On ne se lasse pas d'entendre la langue musicale de Marcel Pagnol; une langue précise et imagée, vive et pleine d'esprit, de tendresse aussi. Dès la création de Marius, premier volet de sa trilogie marseillaise suivi de Fanny et de César, Pagnol avait insisté pour que la pièce soit jouée avec l'accent provençal. Exactement le défi qu'a imposé le metteur en scène Normand Chouinard à ses acteurs.

Une couleur locale, donc, mais au coeur d'une intrigue familiale à la portée universelle.

Nous sommes dans les années 30, au Café de la marine, un bar tenu par le personnage à la fois gai et bourru de César, défendu avec brio par Rémy Girard. Son fils Marius, qui travaille au quotidien avec lui, n'a pas le coeur à l'ouvrage. Le jeune homme rêve de prendre le large, de s'engager comme marin et de découvrir le monde. On le comprend.
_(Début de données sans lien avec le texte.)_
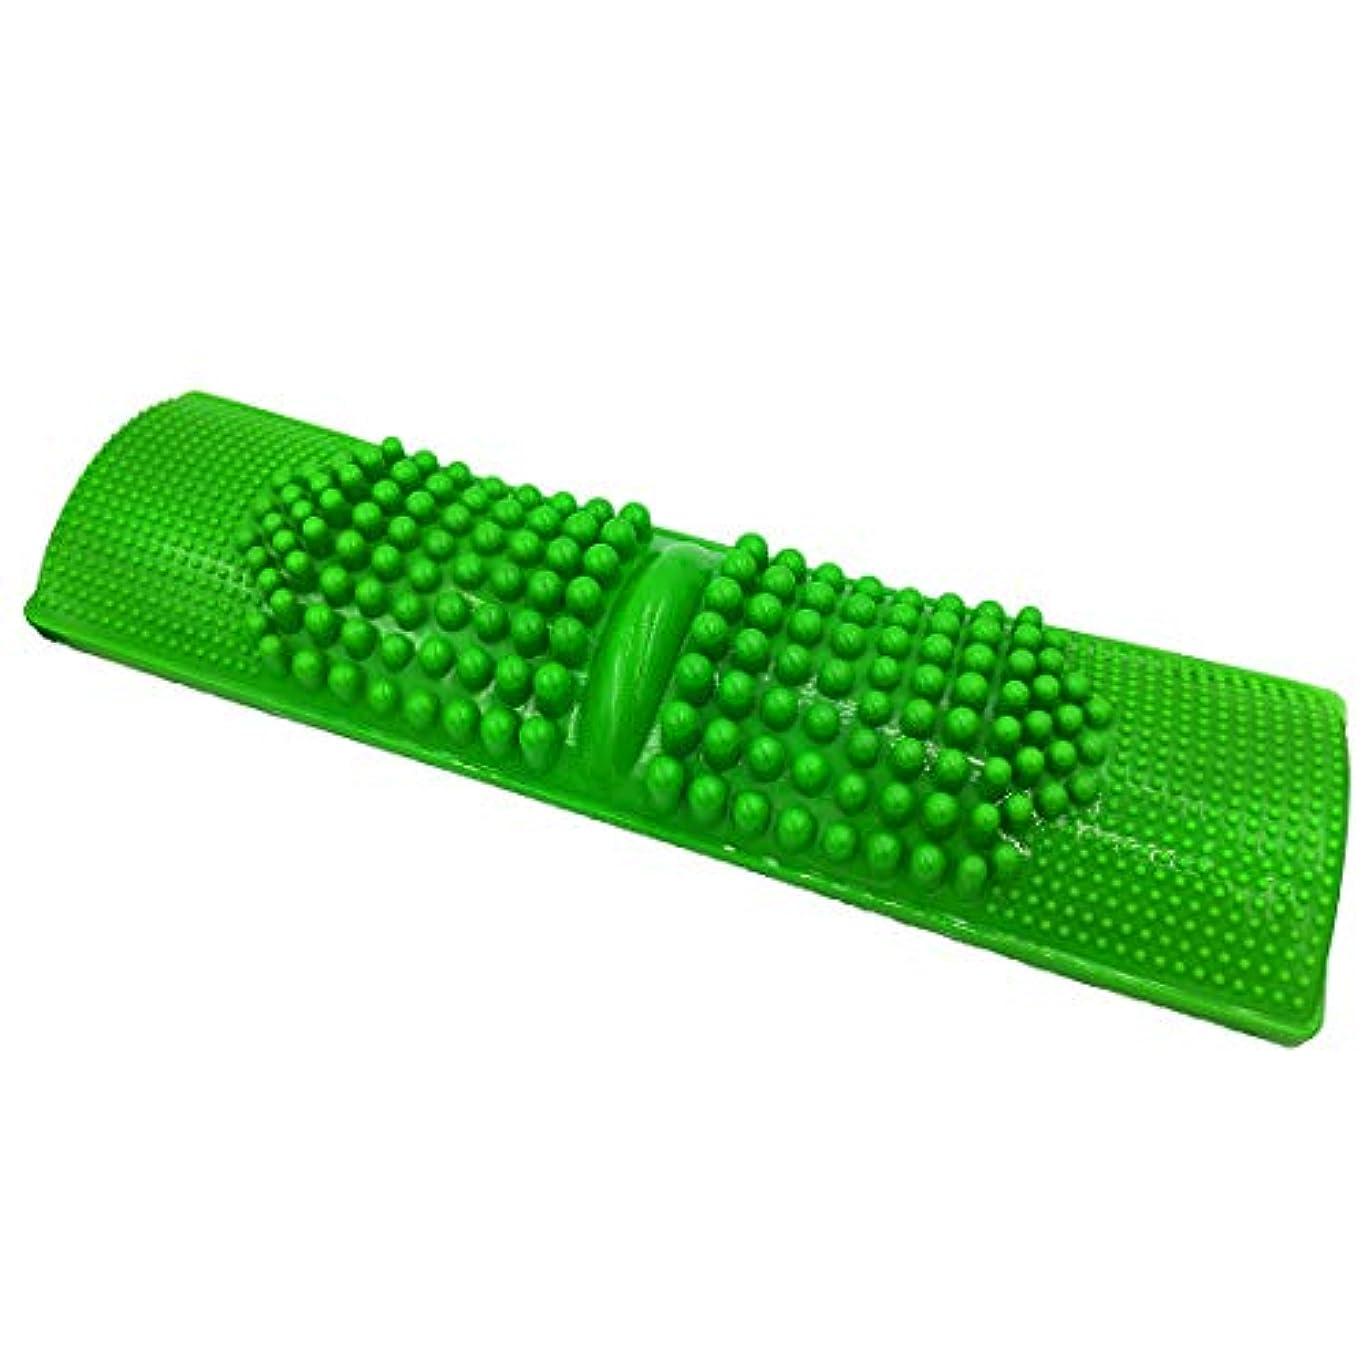 伴う最終司令官Andexi 足つぼマッサージ 足つぼマット 足つぼ 足踏み 足裏刺激 健康雑貨 サイズ:40*11cm 緑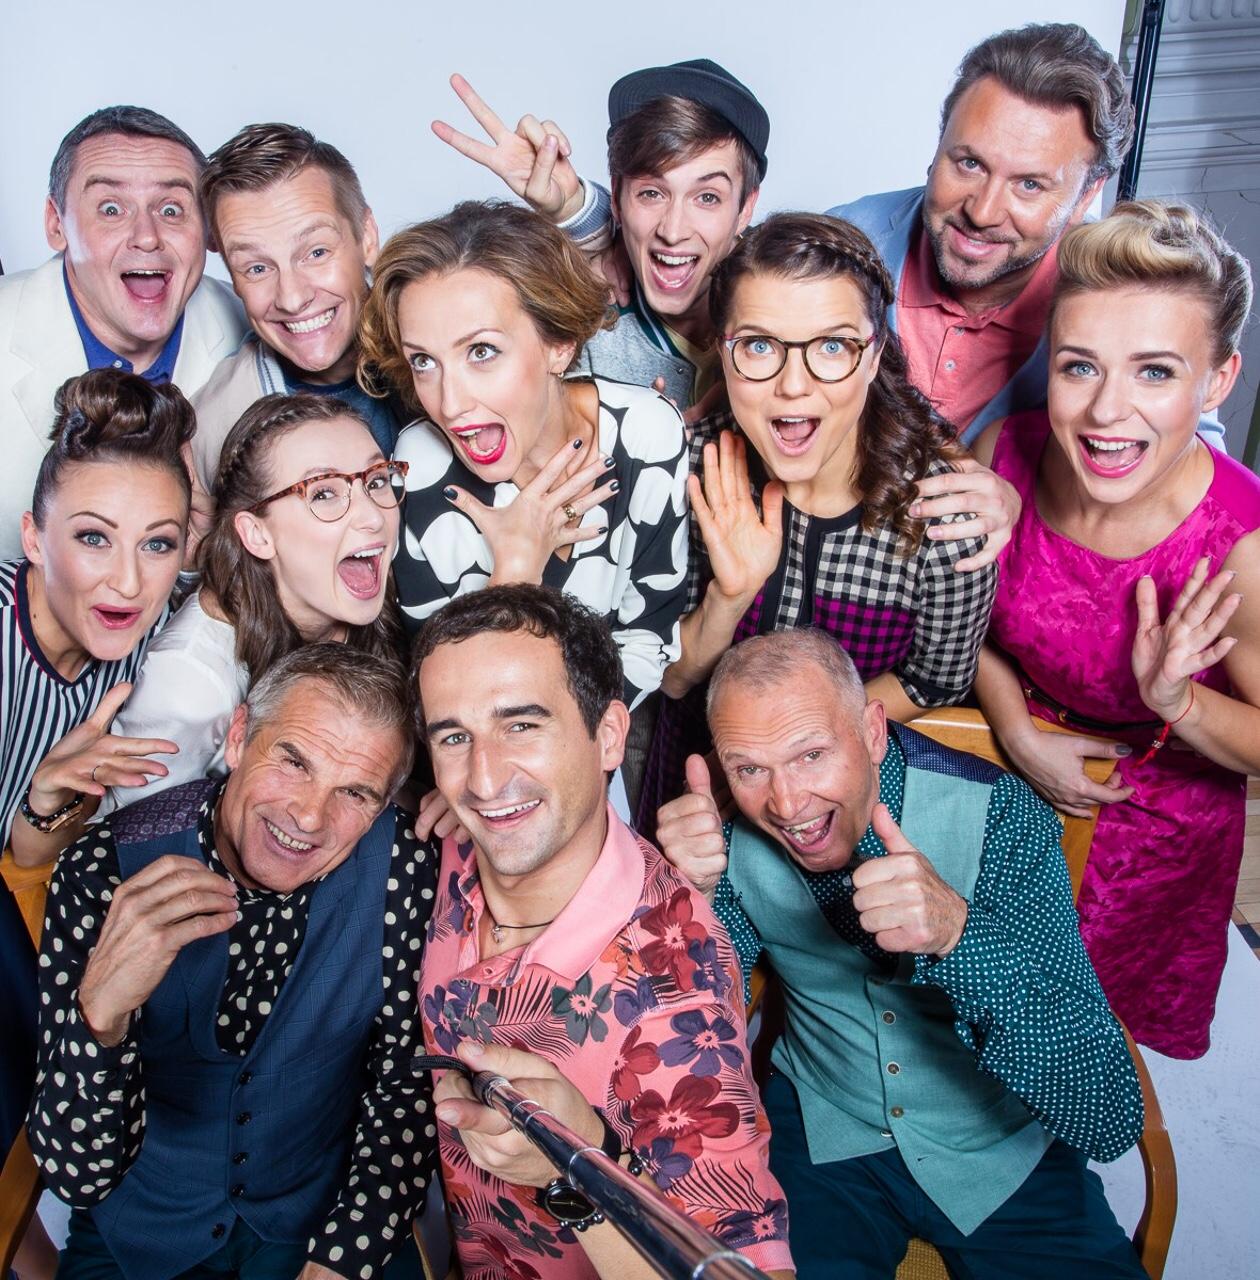 Mayday 2. Światowy hit w Olsztynie!

Évidemment, il y a une histoire d'amour là-dessous. Fanny, la fille de la poissonnière Honorine (veuve elle aussi), est amoureuse de Marius depuis sa prime jeunesse. Elle lui avoue son amour au moment où le vieux maître Panisse, veuf depuis quelques mois, lui fait une demande de mariage. Manuel Tadros, dans le rôle de cet homme aussi charmant que calculateur, est tout simplement magnifique.

On connaît la suite. Malgré son amour pour Fanny, Marius décide de quitter sa «petite vie» provençale pour «la grande aventure» marine. La jeune Fanny décide de l'attendre, jusqu'au jour où elle apprend qu'elle est enceinte (de Marius). C'est à ce moment qu'elle se résout à épouser Panisse. Pour ne pas être déshonorée. Mais voilà, 18 mois plus tard, Marius réapparaît... «It's complicated»! aurait-il publié sur sa page Facebook aujourd'hui.

L'intrigue de Marius et Fanny est généralement connue. D'où le défi des créateurs, qui ne peuvent pas vraiment compter sur l'effet de surprise. On passe aussi à côté du dénouement complet de l'histoire puisqu'on n'aborde pas du tout le troisième volet (César), qui se passe 20 ans plus tard. Résultat: un récit un peu linéaire, livré à la manière d'un feuilleton théâtre, qui se termine avec des points de suspension.

Heureusement, les acteurs nous offrent une performance assez divertissante. Rémy Girard et Manuel Tadros forment un redoutable duo. Au point où ils éclipsent un peu les personnages centraux de Marius et Fanny, incarnés par François-Xavier Dufour et Marie-Pier Labrecque. Les deux jeunes acteurs s'en tirent quand même bien, même si l'accent marseillais leur joue parfois des tours. Danièle Lorain et Sophie Faucher, dans les rôles d'Honorine et de sa soeur Claudine, nous offrent aussi de très bons moments.

Normand Chouinard, qui maîtrise parfaitement les ressorts comiques de ce texte, nous propose en contrepartie une mise en scène assez convenue, et ce, malgré les très beaux décors de Jean Bard, qui nous montrent le Café de la marine, tantôt de l'intérieur, tantôt de l'extérieur. En près de trois heures, on aurait aimé qu'il nous sorte un peu de notre zone de confort. Même si, on en convient, la prose de Marcel Pagnol est extrêmement confortable.